Gagner le Tour? Et pourquoi pas. Oui, d'accord, c'est impossible, on le sait tous, Voeckler le premier. Mais à la pédale, qui est au-dessus de lui? Andy Schleck? Jeudi, oui. Mais qui dit que le Luxembourgeois ne paiera pas tout ça vendredi ? Voeckler a suivi tous les autres. Physiquement, difficile de croire à un brutal effondrement, même si tout peut toujours arriver. Puis il y a sa lucidité. Voeckler court juste, comme on dirait d'un tennisman qu'il joue juste. Il ne s'est jamais affolé quand l'avance d'Andy Schleck a dépassé les quatre minutes.
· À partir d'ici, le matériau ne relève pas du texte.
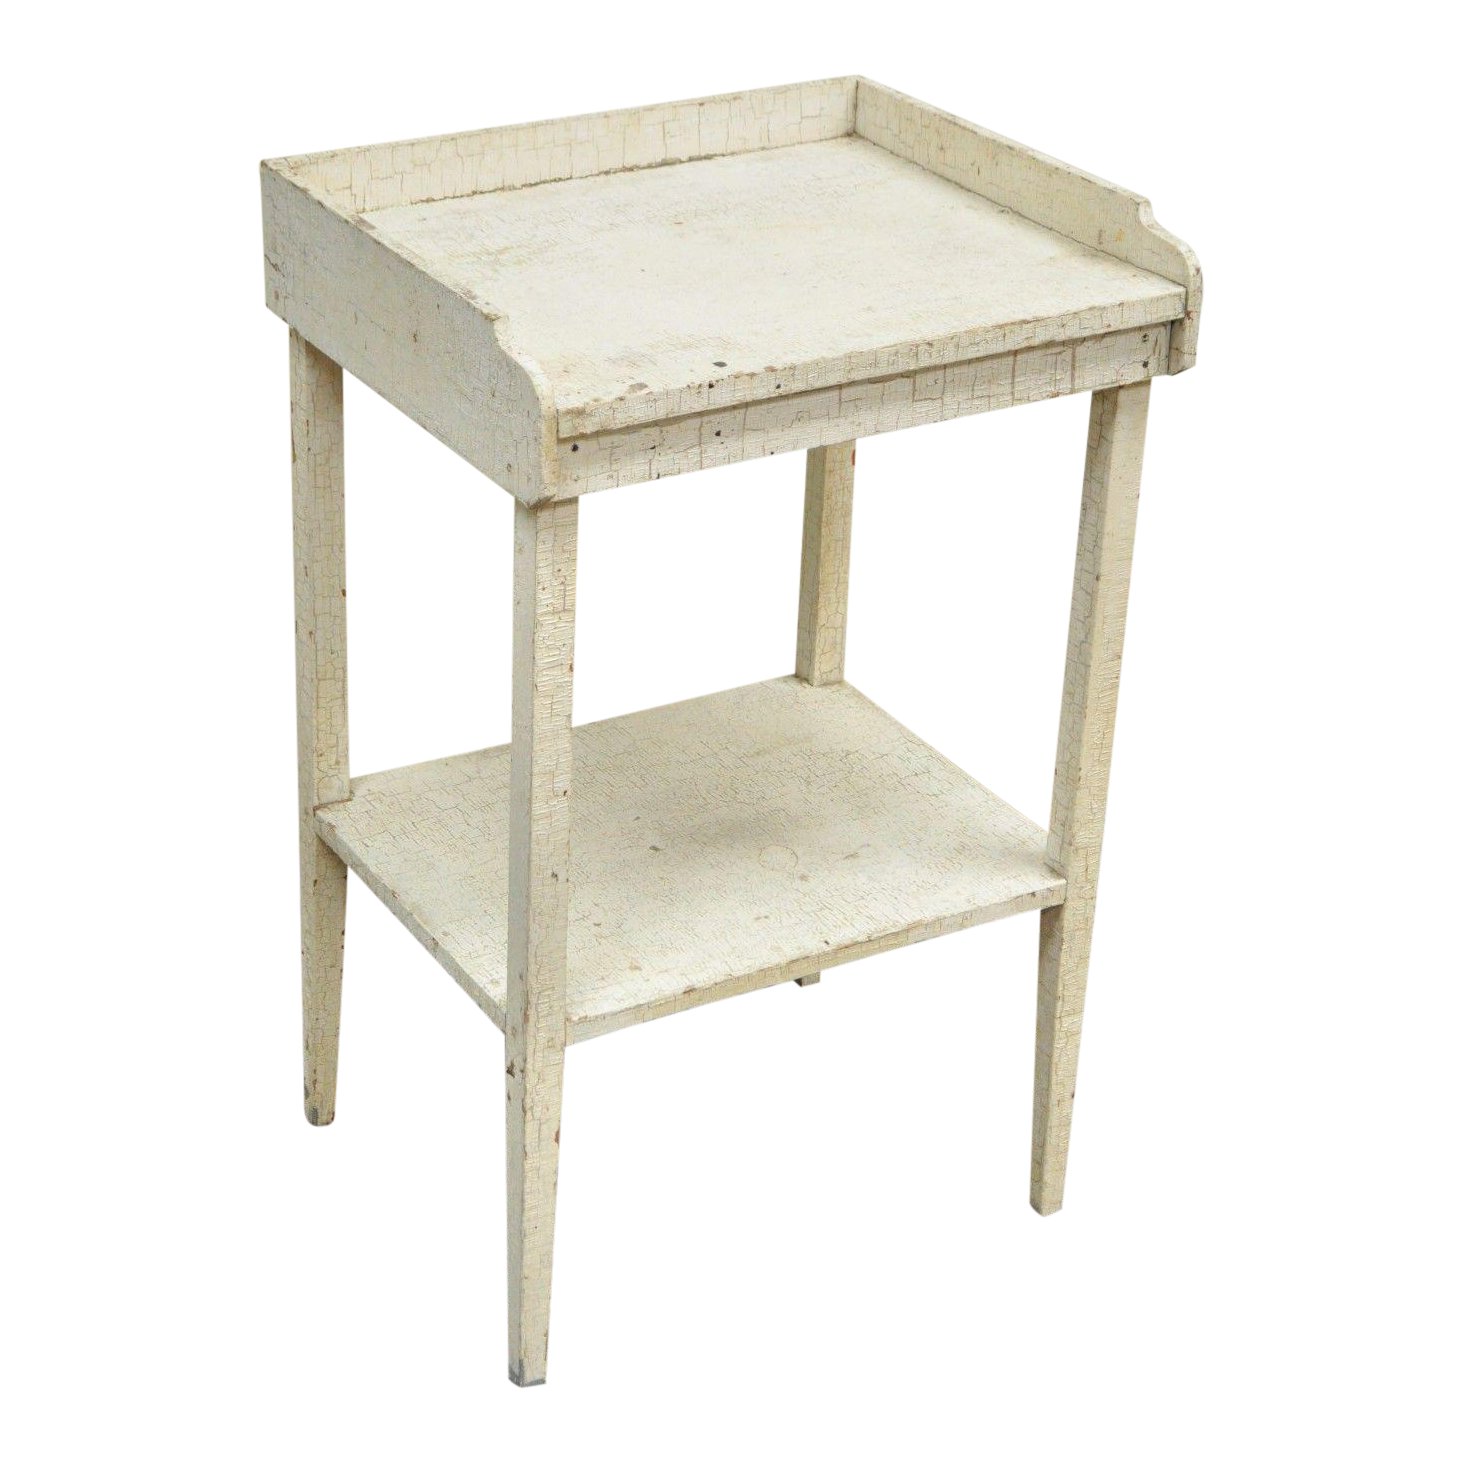 antique white distress painted pine tier accent side table rustic primitive wood chairish trestle dining basket coffee cherry end tables with drawer koncept lighting round

Evans a voulu la lui jouer à l'intimidation, mais il n'a pas cédé. "On les a laissés faire, sourit Dominique Arnould. Aujourd'hui, nous n'avions qu'un objectif : suivre Evans. C'est vrai qu'on a bien joué." Et Evans, de peur de tout perdre, a sauvé le maillot de Voeckler. "C'est sûr que j'ai profité de son travail, mais c'était le jeu. Puis on a énormément bossé depuis dix jours", rappelle le maillot jaune.
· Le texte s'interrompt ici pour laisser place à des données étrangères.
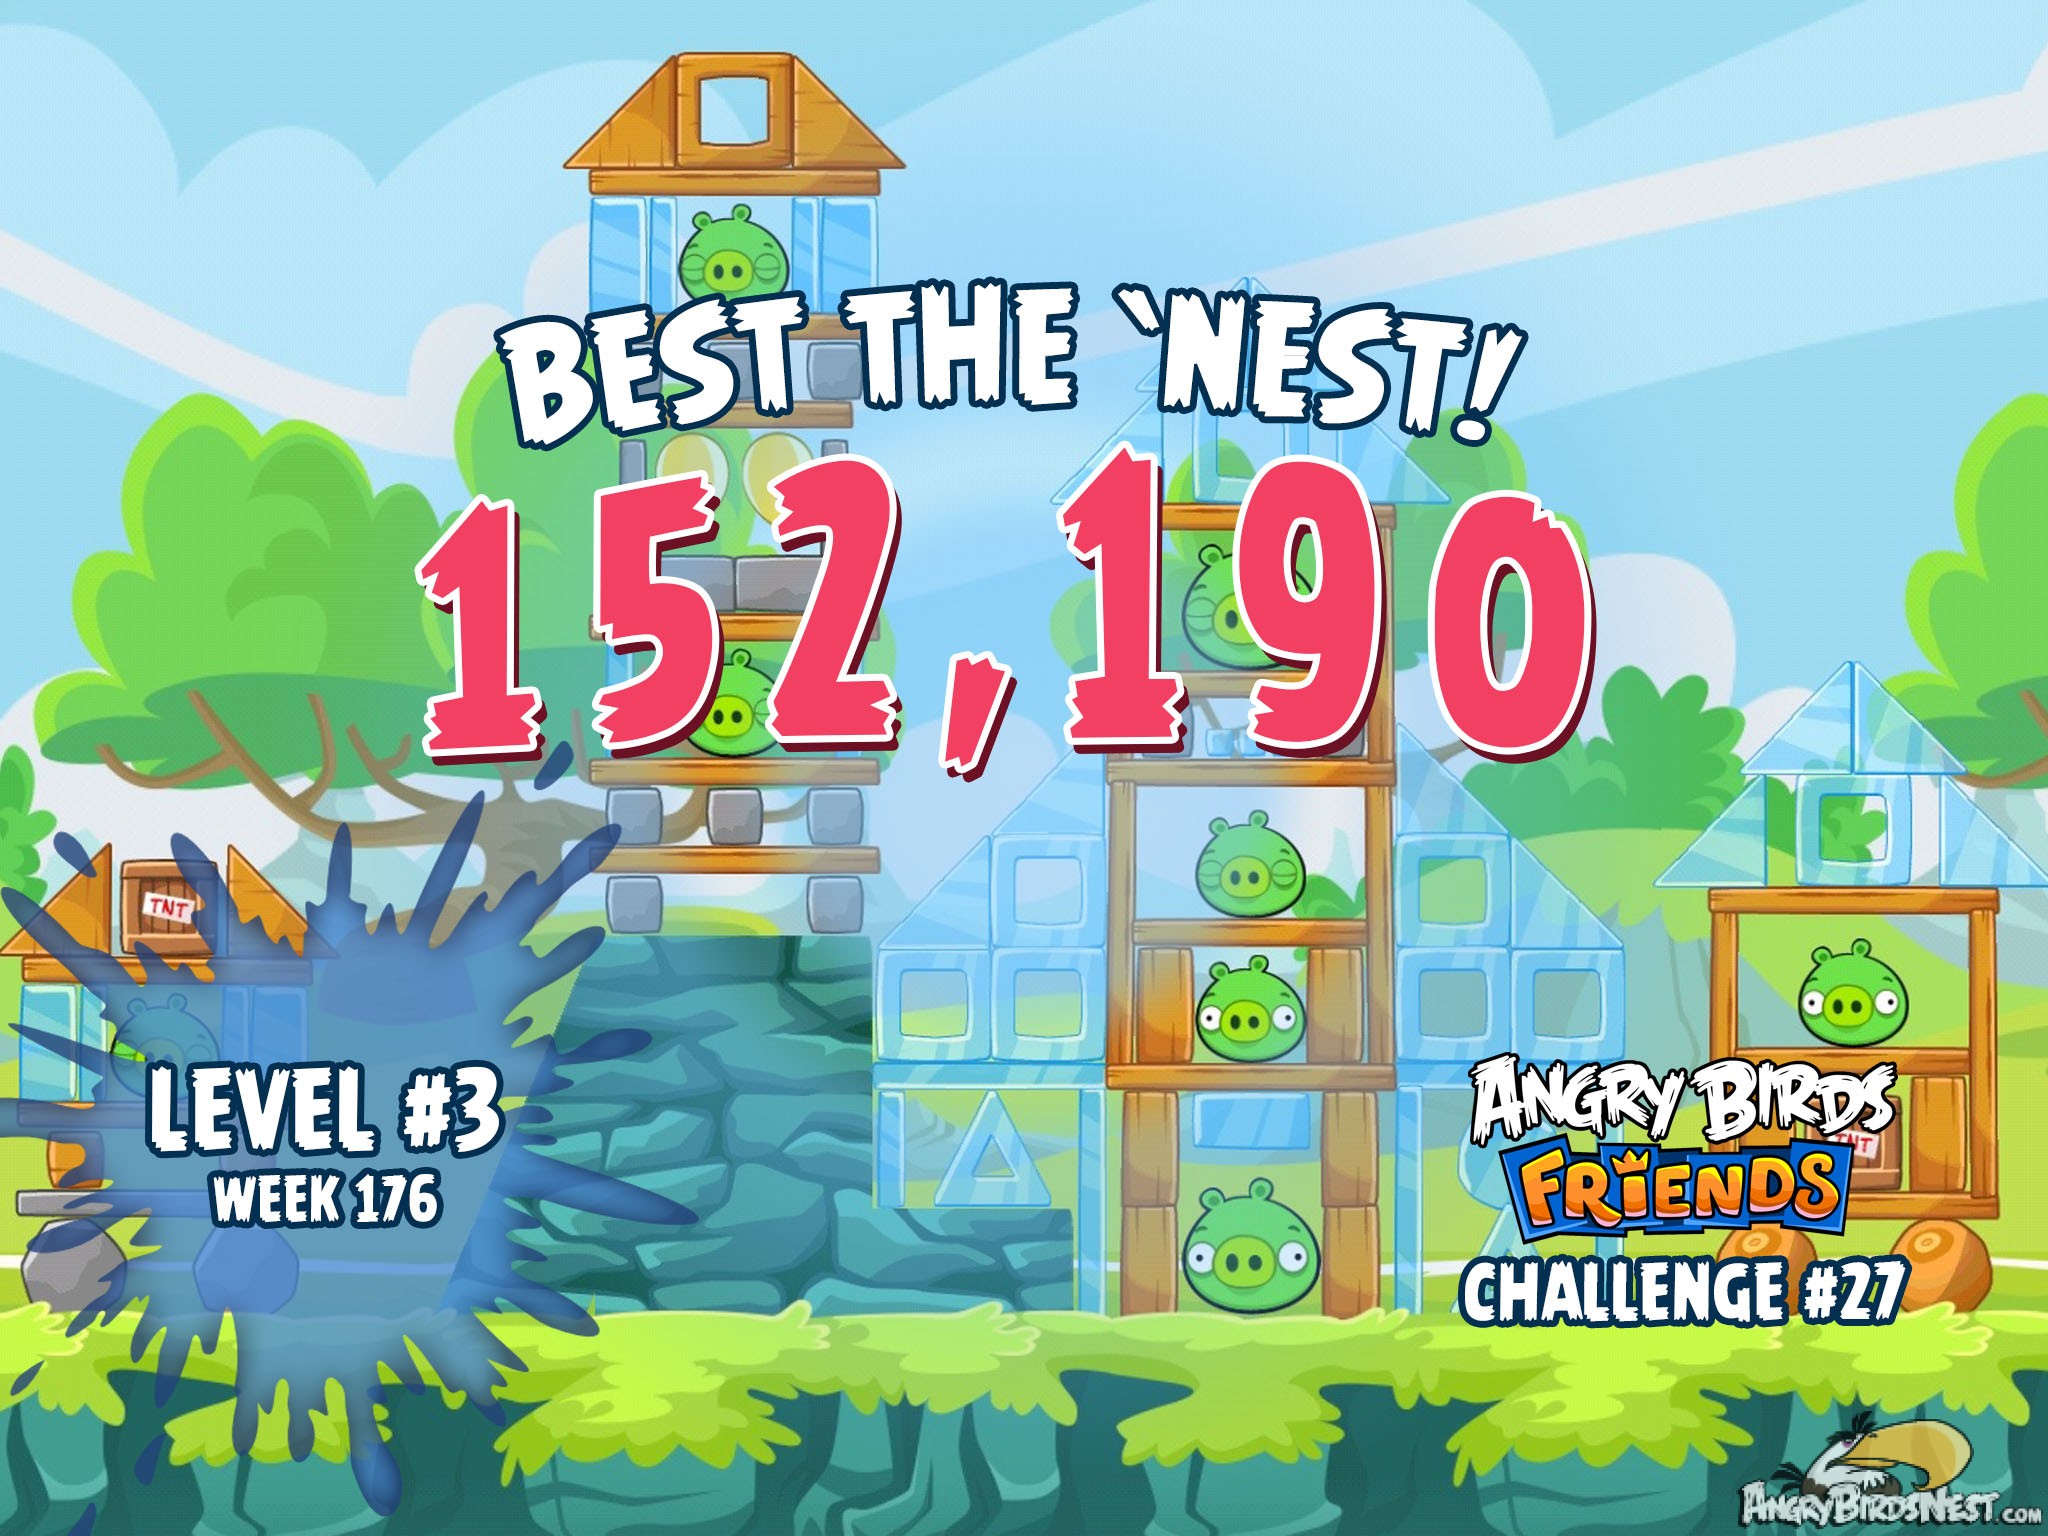 Angry Birds Friends Best the Nest Challenge Week 27

Encore une fois, en toute logique, Thomas Voeckler devrait perdre son maillot jaune vendredi à l'Alpe d'Huez. Trop dur pour lui. Mais à quelle logique obéi son Tour depuis dix jours? Alors, oui, il est épuisé. "En passant la ligne, j'avais du mal à respirer, raconte-t-il. Si vous saviez toute la douleur que je ressens dans les jambes... Quelle souffrance !". Mais comme lui avait soufflé dans le Plateau de Beille son pote Pierre Rolland, la nouvelle rockstar du cyclisme (copyright Lance Armstrong), les autres sont au moins aussi morts que lui. En le poussant un peu, le Virenque des années 2000 finit presque par avouer qu'il y croit, au moins un tout petit peu. Même s'il ne le dit pas comme ça. "Je n'ai pas le droit de ne pas avoir le moral, je ne peux pas me le permettre, ce serait indécent. Je suis en tête du Tour de France..." Quoi? Voeckler? En tête du Tour de France à trois jours de la fin? C'est une plaisanterie? Oui, il parait. Mais encore deux jours comme ça, et plus personne ne rigolera.